I am about to run off – well ride off – and snatch me some lovely produce at the Santa Monica Farmer's Market.
But I had a thought I wanted to put down. As I am packing up – albeit very slowly, alas – I find myself swinging between two options.
What to do with my books? All nine boxes of them.
Mind you, this is already the filtered version. Elly's Books 3.0. After agonizing hours months back, and then again. The local library benefited from my 'cleanse'. But. There are still those nine boxes.
It is an interesting thing that right now there is all this hoopla about the iPad. I was at the coffeeshop the other day and there were two (glorious in their nerdiness) gentlemen, who were playing with one. Or on one. Whatever. So I got a chance to – er – partake. I went straight to the library part of it, of course. The one where you have virtual bookshelves. Where you can turn pages.
And yes. It was pretty cool. In fact, I do want one, now. With that 26,000 book special or whatever that is. I want to have one so I can take it everywhere: on the plane, on the train (although I prefer to look out the window, daydreaming, on the train, thank you very much). In hotel room. On the beach?
So ok. I admit it. I am coveting the iPad.
However, the question arises. Do I do the unthinkable and take the boxes of Books – the physical ones – to the library? Do I make a list of them and then look for them in digital form? Or do I take them to storage? (which, by the way, is a bit costly in this area). The money spent on storage over time probably equals the expense on the digital purchases of the books themselves.
Ok, those are questions Plural, no doubt.
Or do I move into a place that allows me to fll it wall to wall with books?
I doubt it. I don't even know right now how permanent is the place going to be. So, still storage, even if about half of them can be displayed on bookshelves.

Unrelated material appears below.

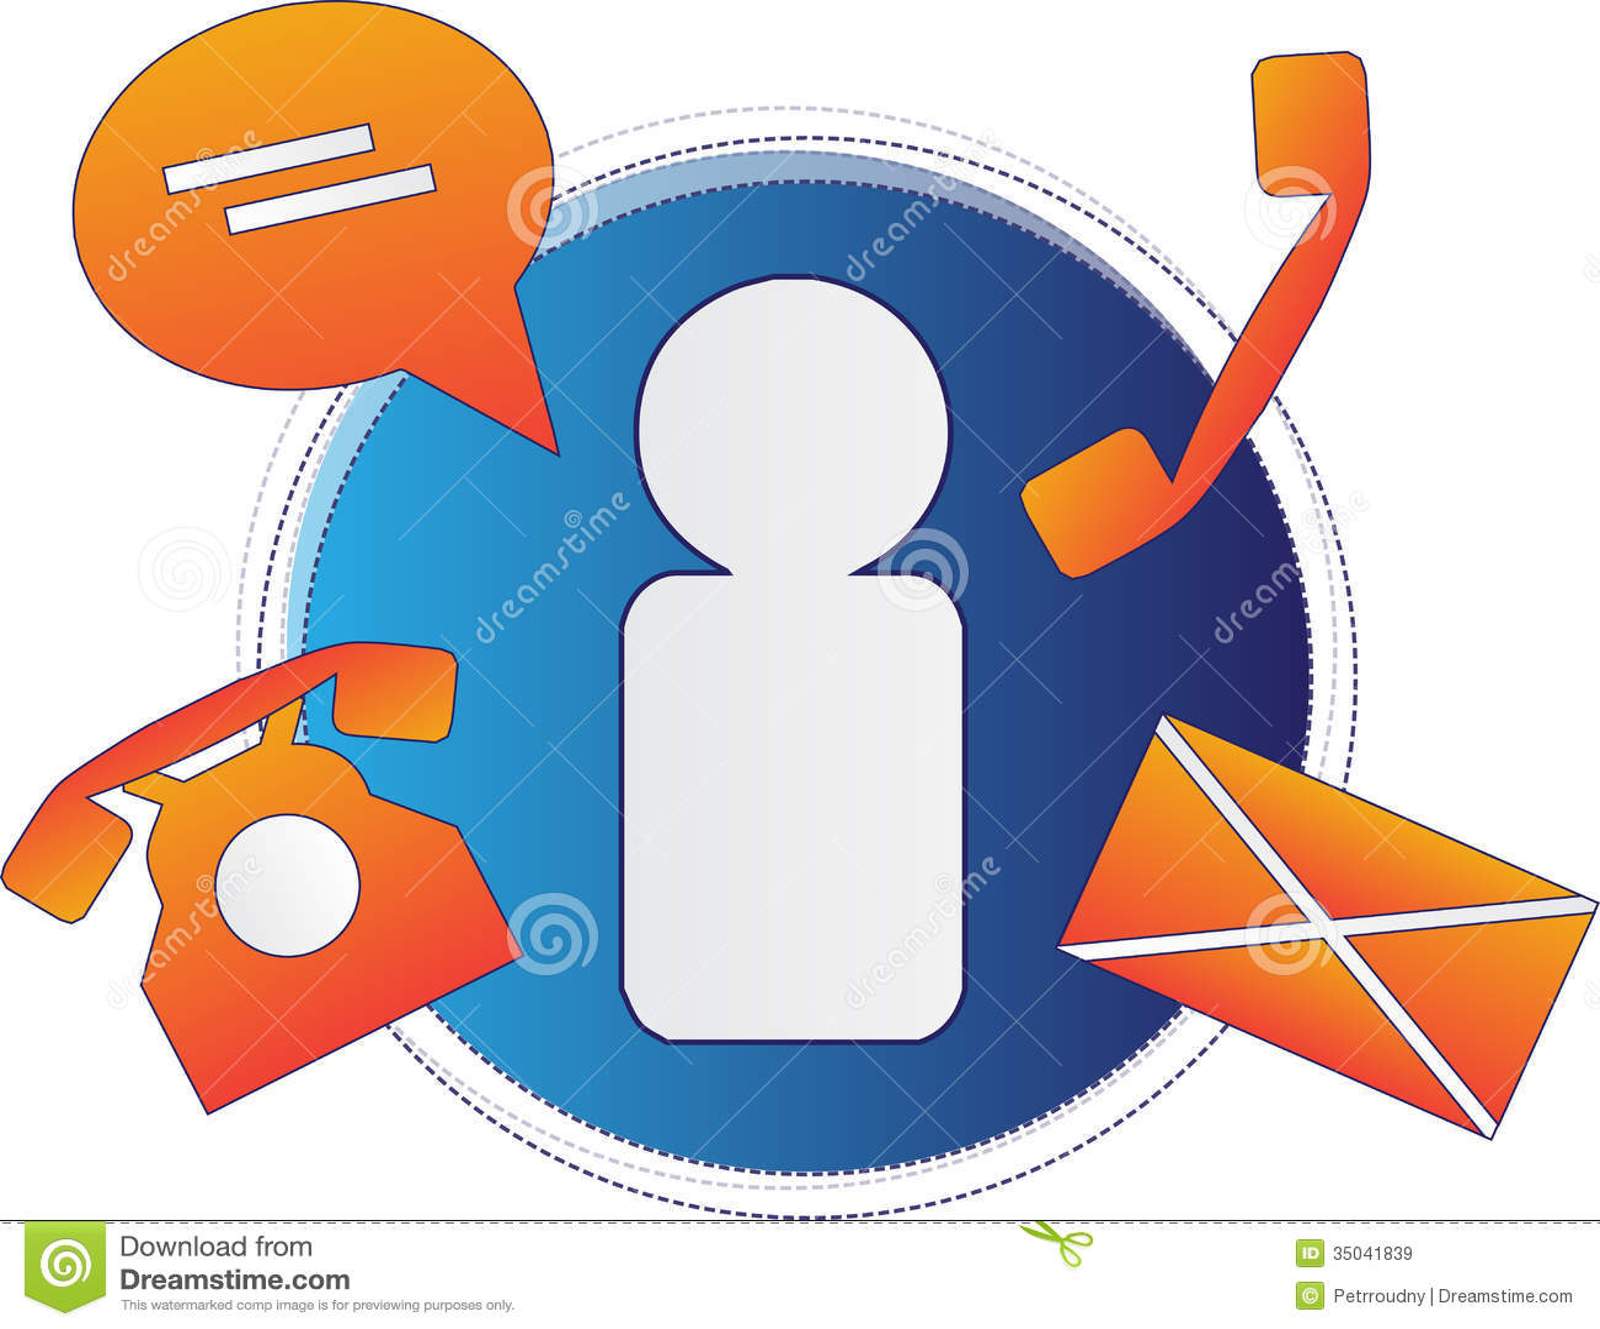 Business Communication Royalty Free Stock Images - Image ...

Maybe the solution is half and half?
The truth is: I like physicality of books. I love the convenience of the digital concept. But I also love the fact that sometimes a book will call to me from the shelf. When I open it randomly, sometimes the message is incredibly timely. Can you do that with a book on you iPad? I don't think so. Just like a digital smiley or hug is a lovely gesture and can be understood, as well as appreciated, they are but shadows of the real thing.

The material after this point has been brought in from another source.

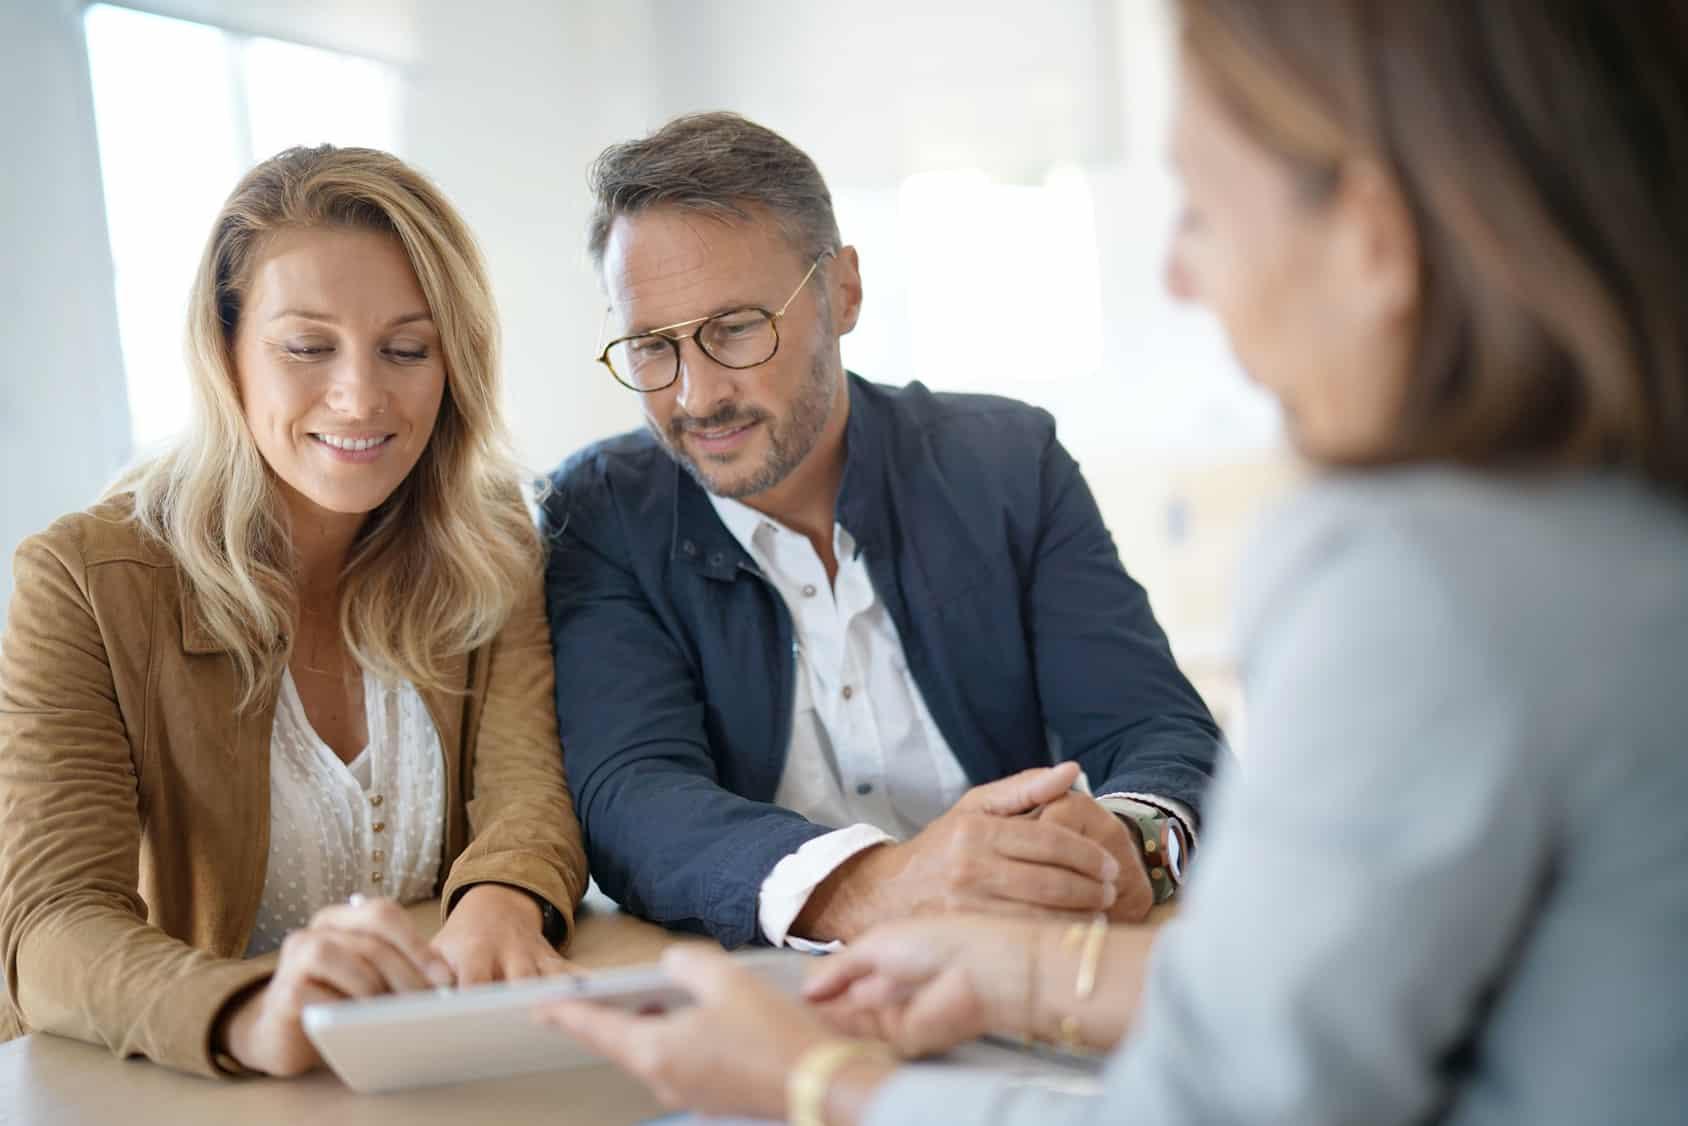 proposition d'assurance emprunteur

OK, you say, what about the ecological repercussions. Trees. That sort of thing.
True, very true. Will I buy more books on the iPad (if and when I make the purchase)? Of course. Will I buy one digitally, rather than a physical copy? Perhaps.
There is a danger, also, in the quantity and ease. Both pretend to be friends and partners or quality, where they are not. How many books out of the 26,000 will you read?
When I walk into Barnes and Noble, it is a special experience. I browse and walk with my fingers touching the spines. I sit and read for a minute to see if something grabs me. Pick me! they all say. Sometimes the most reticent one, with the dark cover which does not scream out is the one that I want, but I don't always know it right away.
Book-shopping is almost like buying a pet. Yes, I'll go online and check everything out, quite often. But when I walk in there, I may change my mind. The paper-animal may have looked great on the screen, but up close it doesn't feel or read right.
I know I am quite rare in this. Some may argue that books are fast becoming an outdated way to store and carry information. First there were stone tablets, they will say. Books are only a link in a chain and we are so evolved technologically now that – fortunately for all the trees involved – we are off into the digital space, unlimited and perfectly glossy, where you can read forever and be lost in a sea of words and images.
I can also make an argument that now that we are coming into this time, this brings exciting opportunities for music and art to become seamless with literature. Imagine a digital novel enhanced with graphics, music, animation. I can't wait and I hope to be, as a musician, at the frontier of such.
But my current dilemma is not that. It is: what to do with my old/current books. My friends and co-conspirators. My bedmates. My psychotherapists, teachers, relatives. Made from trees. Physical and sometimes quite stained and used. Black on white. Human and oh so 20th century.